ENVIADO A SHARM EL-SHEIK (EGITO) - O acordo para a criação de um fundo de perdas e danos voltados aos países “particularmente vulneráveis” aos efeitos das mudanças climáticas, anunciado na madrugada deste domingo, 20, ao fim da Conferência do Clima da ONU (COP-27), em Sharm El-Sheik, no Egito, é um avanço histórico sem precedentes. Terminadas as negociações no norte da África, no entanto, fica a pergunta: o quanto os países avançaram nas mudanças das causas que levaram o fundo a ser tão importante? Não muito, principalmente em relação ao corte de emissões de gases geradores do efeito estufa.

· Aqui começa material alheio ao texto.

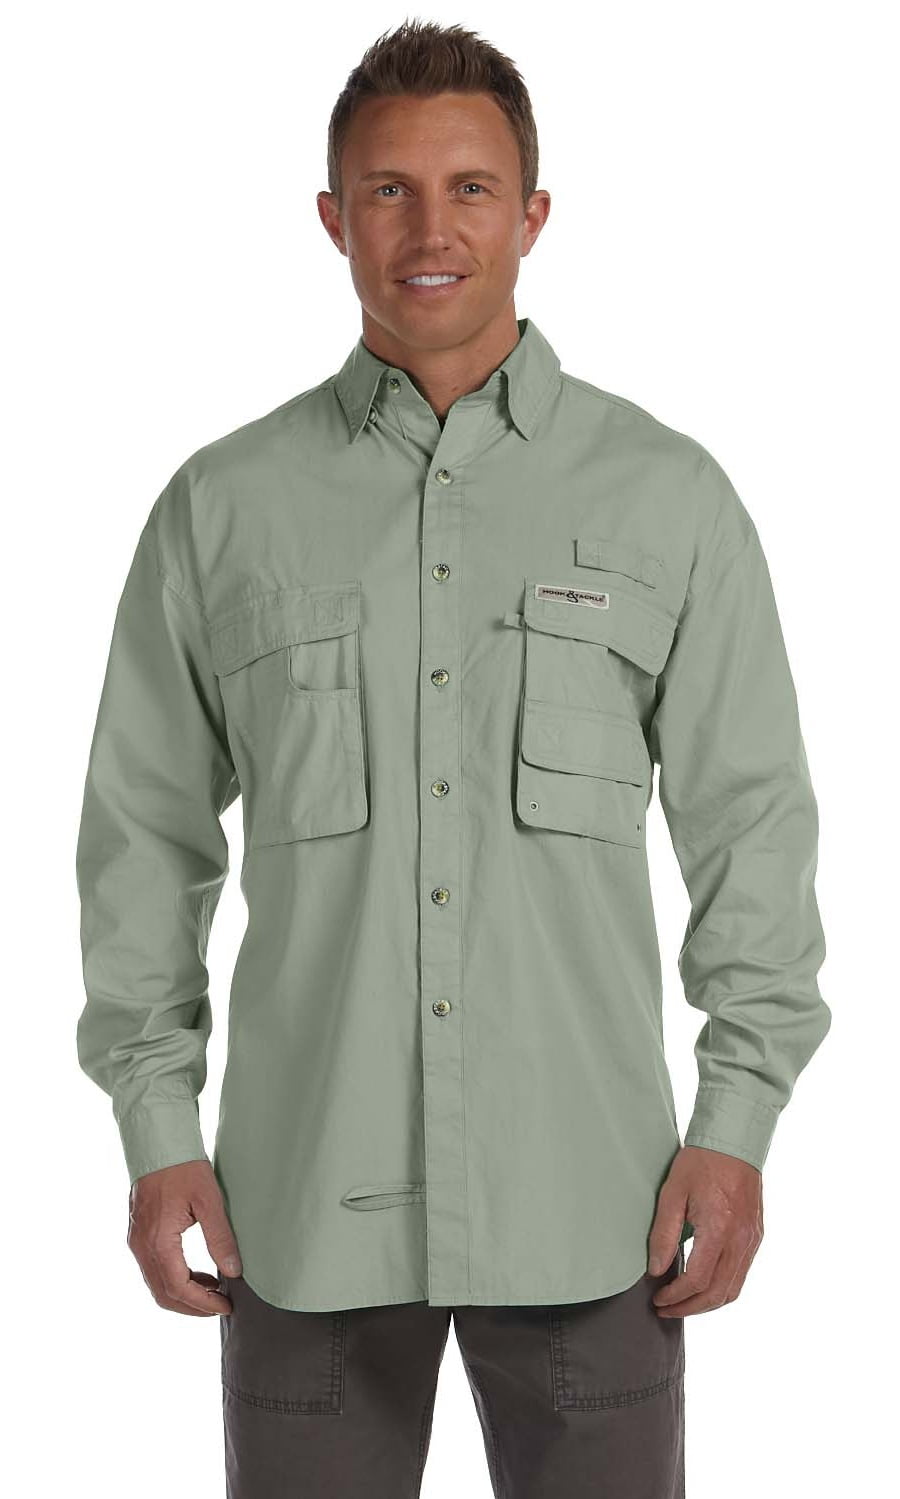 Hook & Tackle Button Up Shirt 1013L Gulf Long-Sleeve Fishing

A proposta foi apresentada pela União Europeia quase no fim da conferência e sua discussão ocupou todo o sábado. Oficialmente, a COP terminou na sexta. O texto aprovado prevê a criação de um grupo de trabalho transacional para que o fundo seja efetivado até a próxima COP, no ano que vem. O documento trabalha com a perspectiva de que o financiamento seja feito por instituições financeiras multilaterais como o Banco Mundial. A chamada à participação dos países em desenvolvimento teve como alvo a China, que se recusava a participar como financiadora direta do fundo.
A definição de quem são os vulneráveis elegíveis consumiu grande parte da negociação. Por fim, o texto fala em países ameaçados pela subida do nível do mar, migrações em massa forçadas por desastres naturais e efeitos diretos das mudanças climáticas.

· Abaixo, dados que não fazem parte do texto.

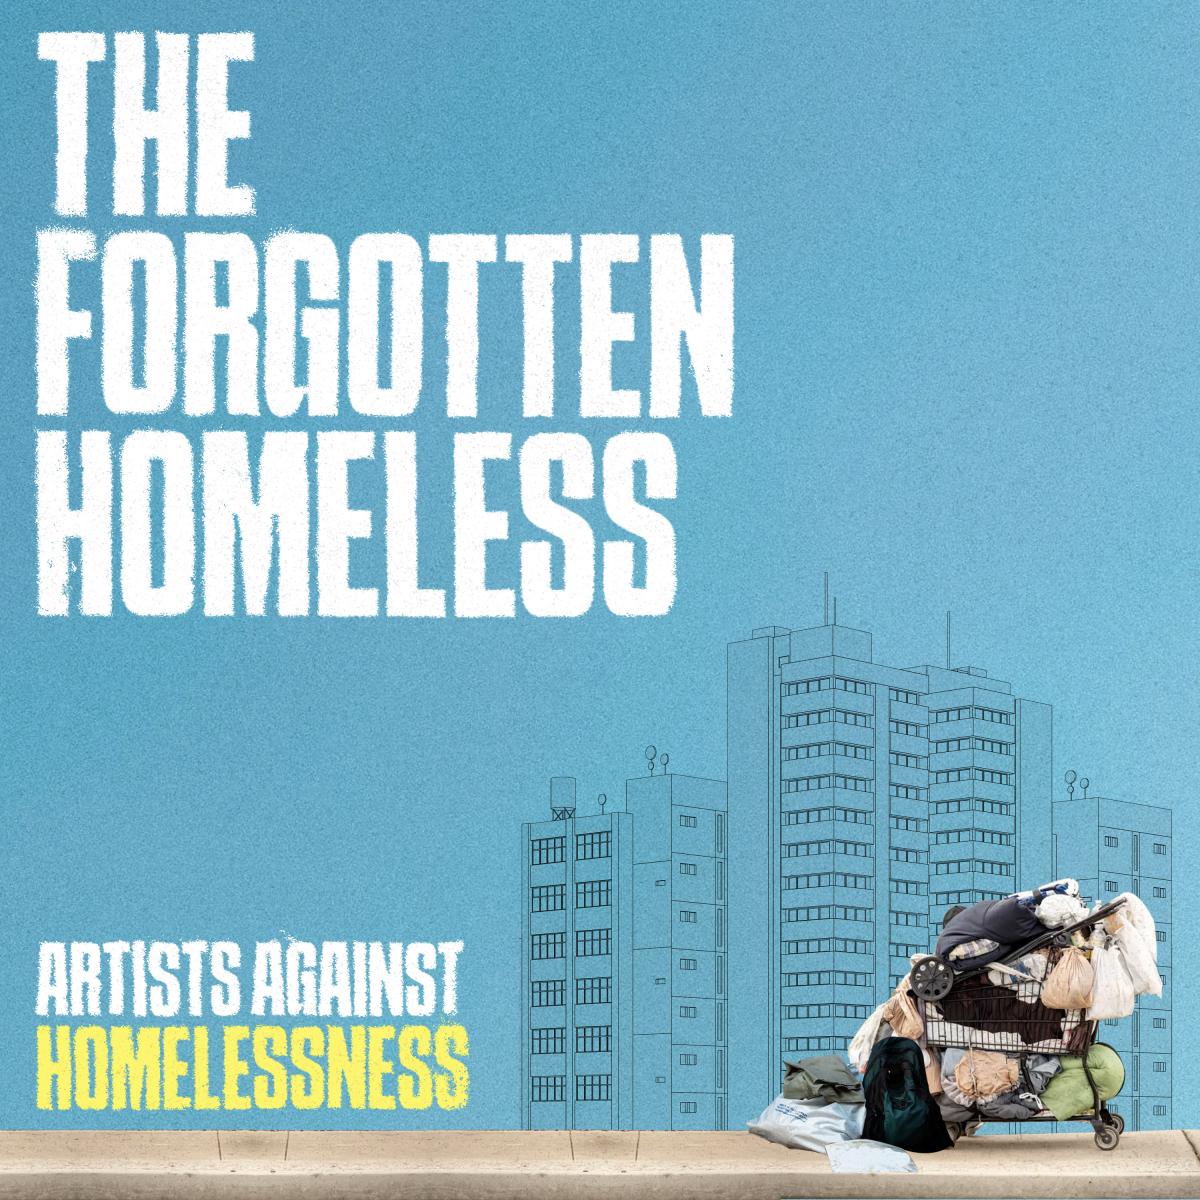 Artists Against Homelessness

Entretanto, um ponto-chave da discussão sobre aquecimento global ficou de fora: o documento não traz definições sobre os cortes das emissões nem avanços em relação à conferência de Glasgow. Para observadores, o debate sobre combustíveis fósseis não apresentou resultados. “Do ponto de vista das causas, andamos pouco. Esta COP foi paquidérmica. Quando a gente fala de causas, estamos falando de combustíveis fósseis, que tivemos pequeno avanço no ano passado com menções explicitas no documento final da COP-26 e outras fontes de emissões”, diz Natalie Unterstell, integrante da Coalizão Brasil Clima, Florestas e Agricultura e presidente do Instituto Talanoa. “Infelizmente, não tivemos grandes anúncios sobre essa pauta aqui em Sharm El-Sheik e as decisões que tratavam sobre esse assunto ficaram um pouco aquém.”
Na avaliação de Natalie, a questão da adaptação dos países às mudanças climáticas teve avanço discreto que promete ser um impulso para decisões futuras. Já as perdas e danos, foco do fundo proposto pela UE, foi a boa notícia. Ainda assim, longe do necessário. “Não perdemos, mas está indo devagar.”

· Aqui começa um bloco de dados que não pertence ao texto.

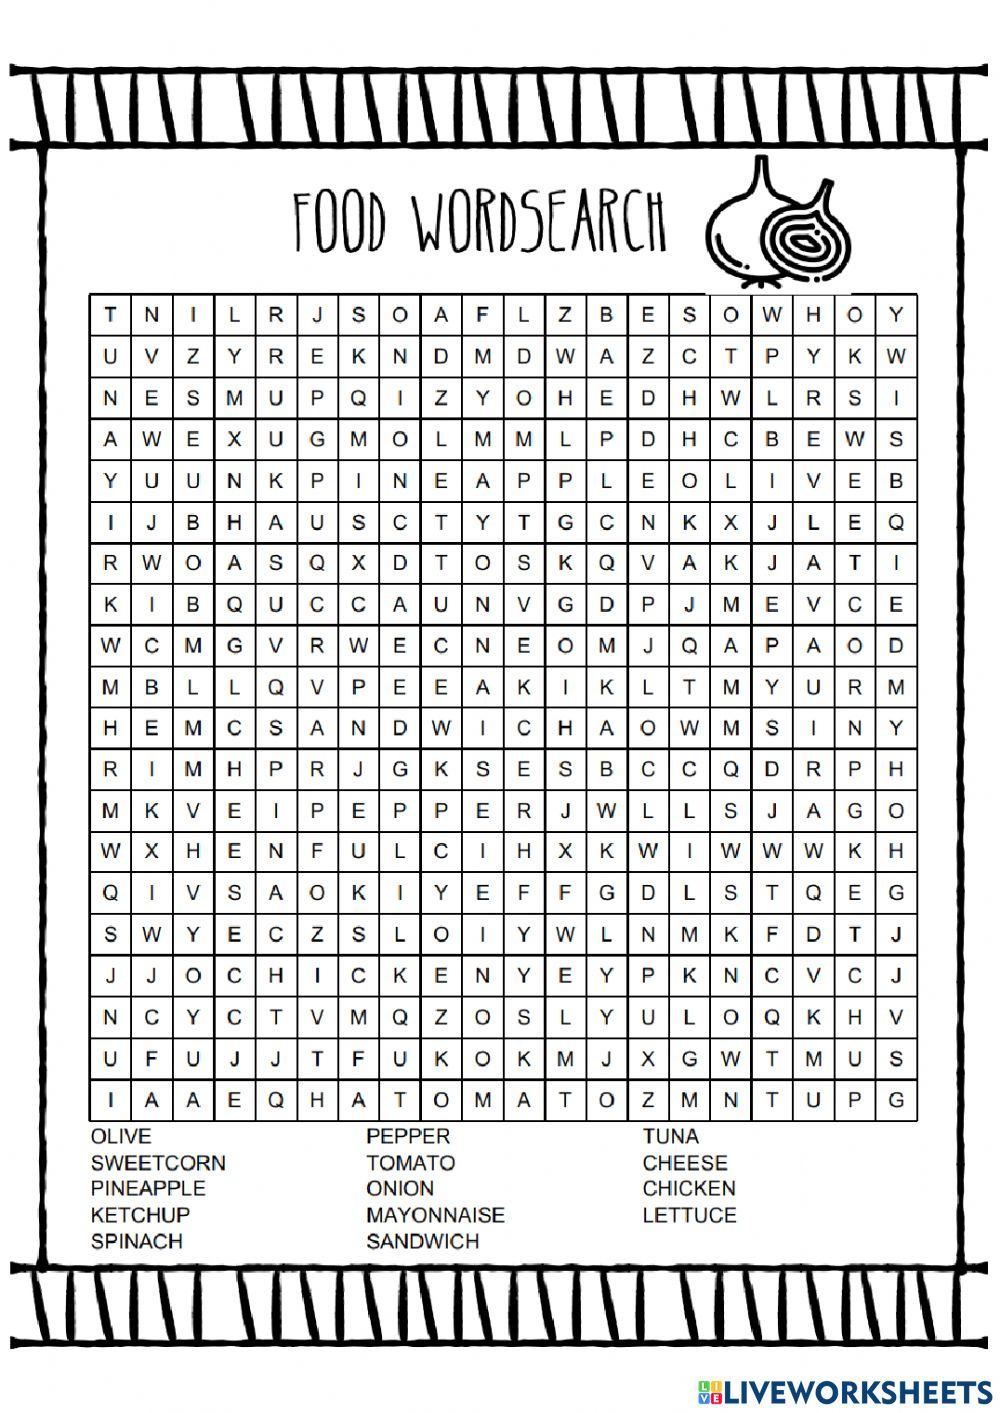 Food Wordsearch

Acuada pela guerra na Ucrânia, a União Europeia não demonstrou interesse e engajamento nessa pauta. Outros grandes emissores e consumidores de combustíveis fósseis, como China e Estados Unidos, tampouco se comprometeram. Dessa forma, o documento final não trouxe nada sobre um novo e final passo para a eliminação do carvão e sobre os demais faz menção apenas à eliminação de “subsídios ineficientes”.
Assim, a conferência traz um avanço inegável, principalmente para os países insulares ameaçados de extinção pelo aumento do nível do mar, mas deixa pontos sensíveis em aberto para a próxima cúpula, que será realizada nos Emirados Árabes Unidos.